My mobile pushed the following picture to myself, which triggered my first reaction: “Gosh, what happened?”

Immediately, my mind, an natural intelligence, not an artificial one, linked this with the news that I have just read a few weeks ago, which reported Mr. Pat Gelsinger is ready to cut 15,000 jobs and separate the foundry from the design. The thought that AMD is buying Intel flashed in my mind!

https://www.intel.com/content/www/us/en/newsroom/news/october-2024-intel-news.html

After I’ve gone through the announcement, my natural intelligence starts to question: what are they trying to do there? What is this advisory group?

My natural intelligence rewinds backward quickly to the 70s and 80s, and also early 90s, the old good time of CPU architectures: That is a period more crowded than today, there are all sorts of CPU architectures, both RISC and CISC, such as X86, POWER, SPARC, MIPS, just to name a few big names important for High Performance Computing (AI was not a hot topic yet at that time), because they were used to build supercomputers earlier or later in those periods by Intel, IBM, SUN, and SGI. (No, I didn’t forget the vector processor, my natural intelligence voluntarily removed them from the list.) Regarding the different CPU architectures, Wikipedia has a very good summary here:

https://en.wikipedia.org/wiki/Microprocessor_chronology

Most of the time, the marketplace is cruel.
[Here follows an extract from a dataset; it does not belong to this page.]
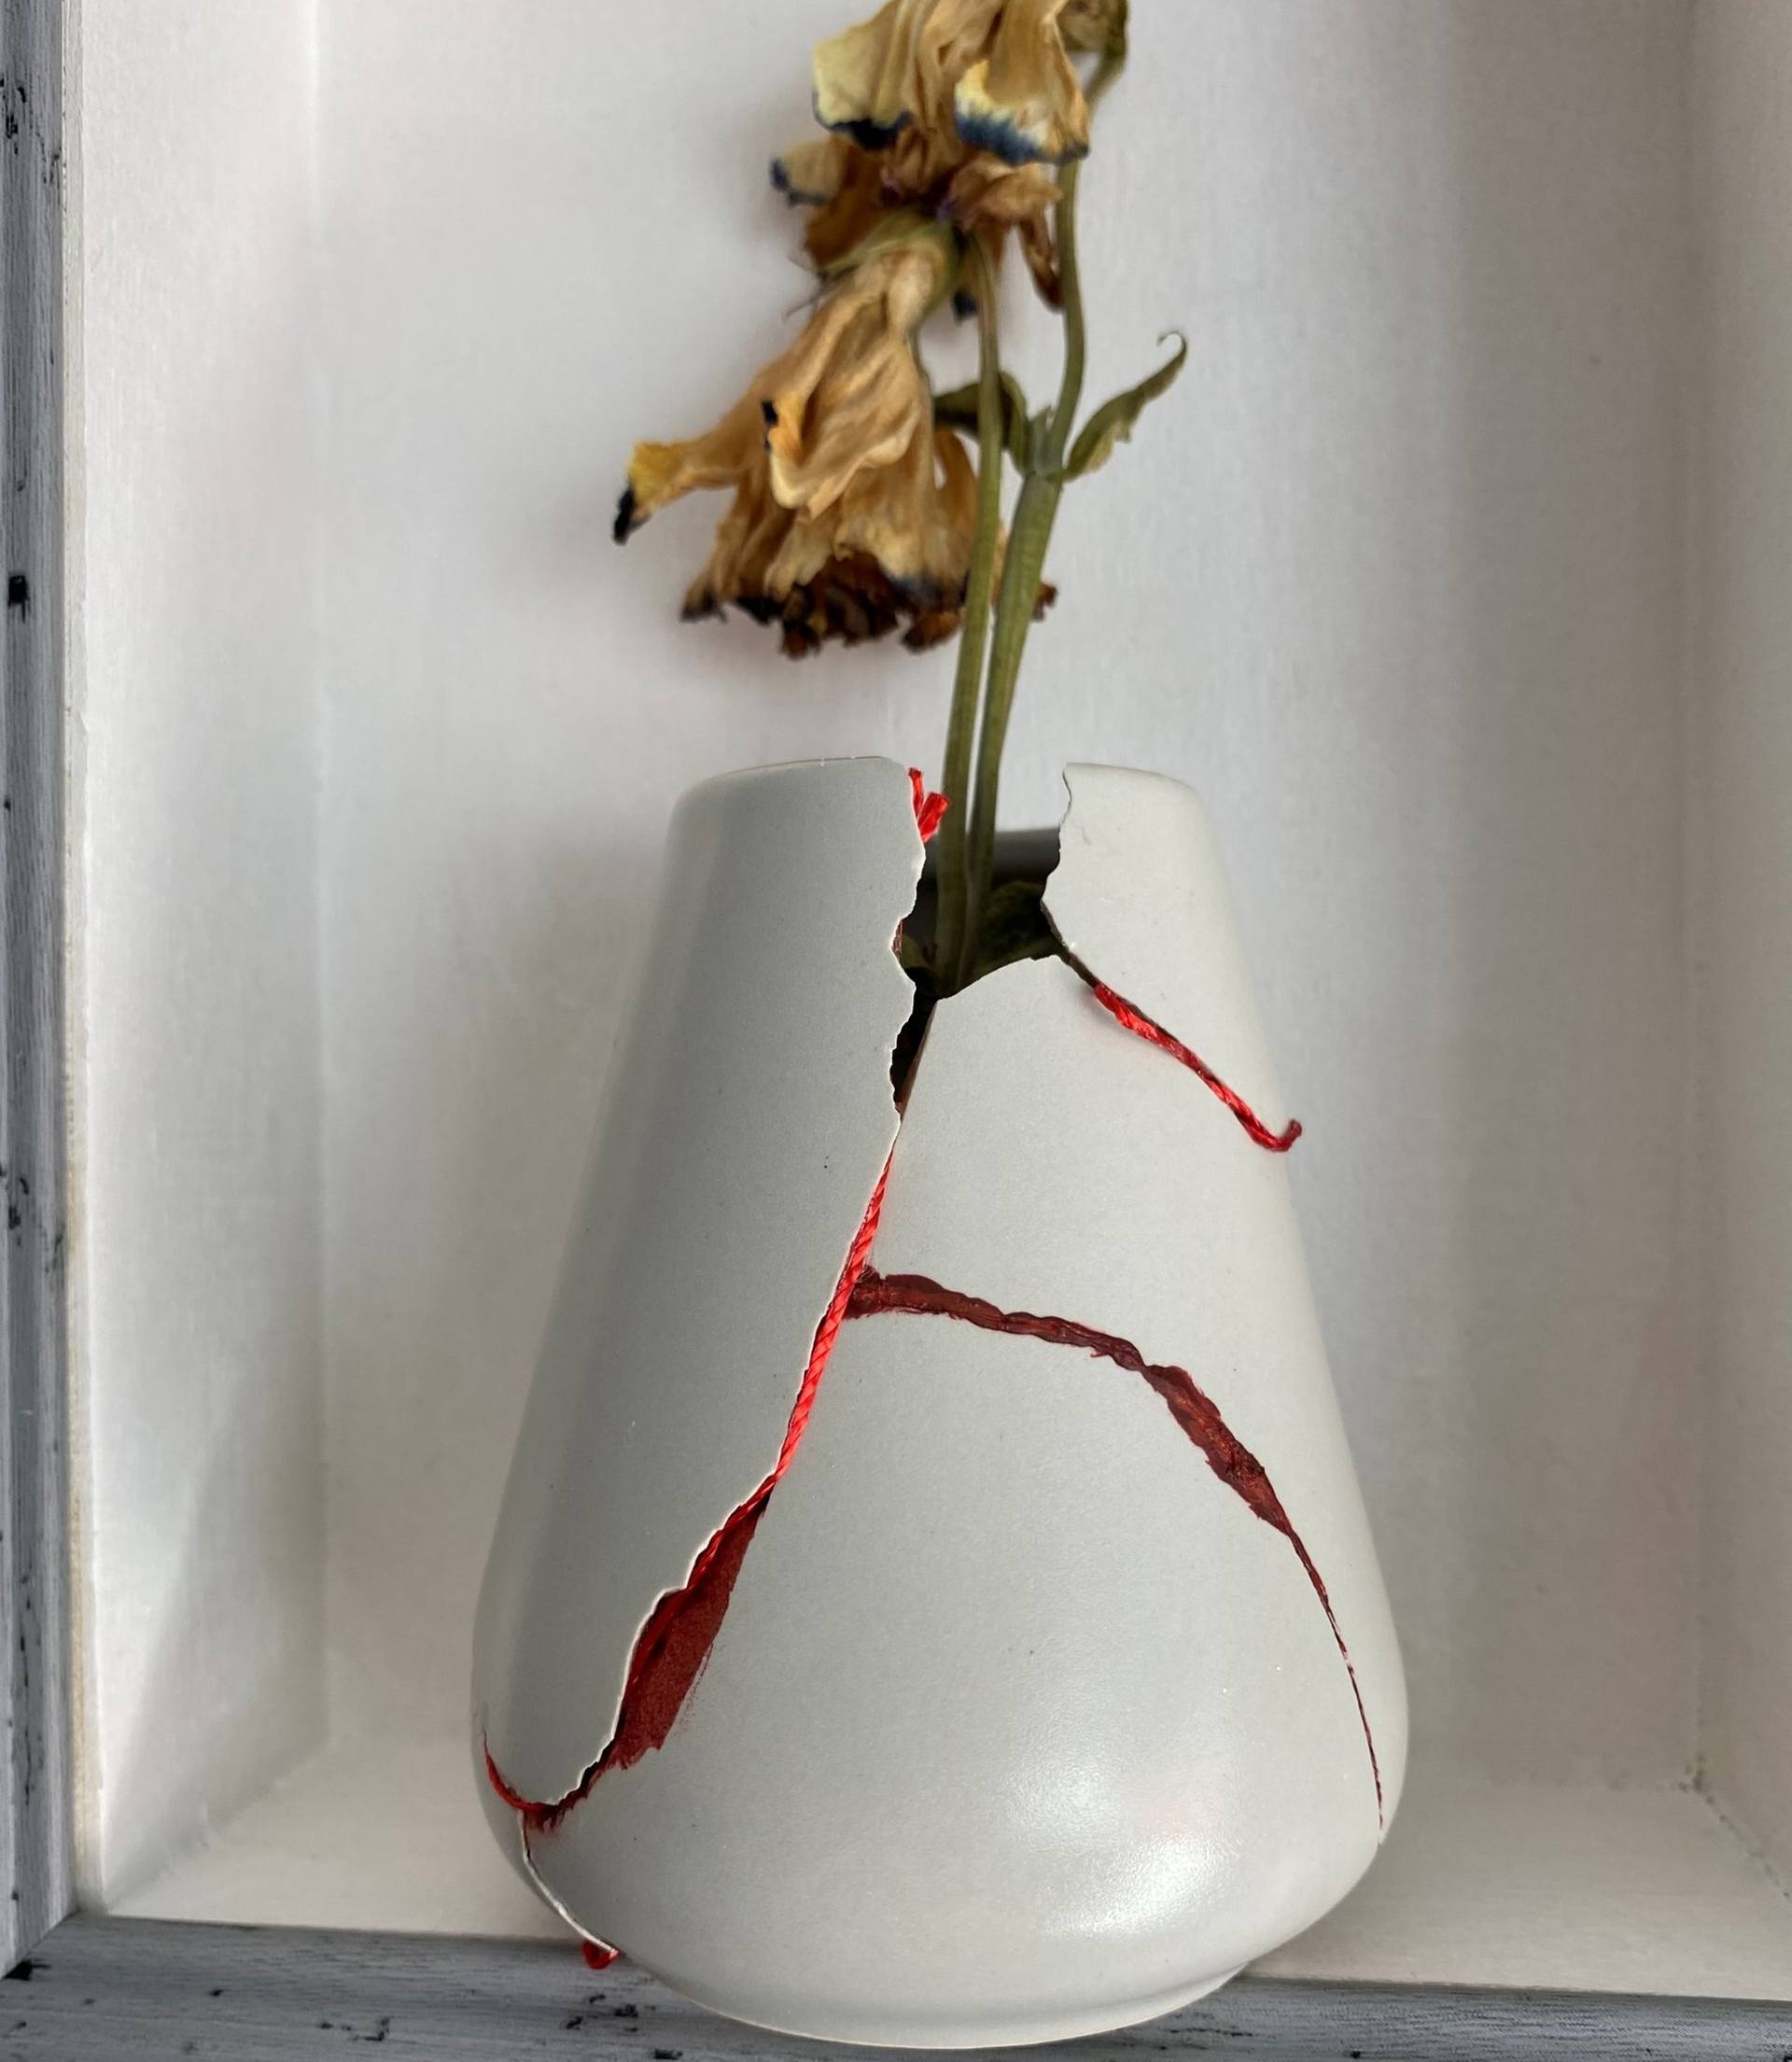 broken vase picture

Most of those CPU architectures (instruction sets), disappeared or had been marginalized, except the killer-microprocessor X86, alongside the POWER, and the ARM. The killer-micro “killed” most of the others for one reason or the other, and conquered the High Performance Computing niche with the mile stone project ASCI Red, which it dominates till now (in-between, IBM POWER withdrew from the HPC market place)……

https://en.wikipedia.org/wiki/ASCI_Red

https://en.wikipedia.org/wiki/File:Processor_families_in_TOP500_supercomputers.svg

With a glorious history, has the biggest market share in data centers and PCs world wide, X86–64’s position seems not shakable, then what the hell are they doing there? Do we need this X86 ecosystem advisory group? Aren’t Intel and AMD duopoly of the market place? Isn’t true that all the system vendors are following their each move? Why do they warry about the future?

The announcement said the advisory group aims to “shape” the X86’s future, “through a more unified set of instructions and architectural interfaces”, with one of the outcomes being “to enhance software consistency and interfaces across X86 products offerings from Intel and AMD”. It seems this advisory group is only here to settle the differences between Intel and AMD, anyway, this is not so understandable by my natural intelligence, I have to search the answers elsewhere……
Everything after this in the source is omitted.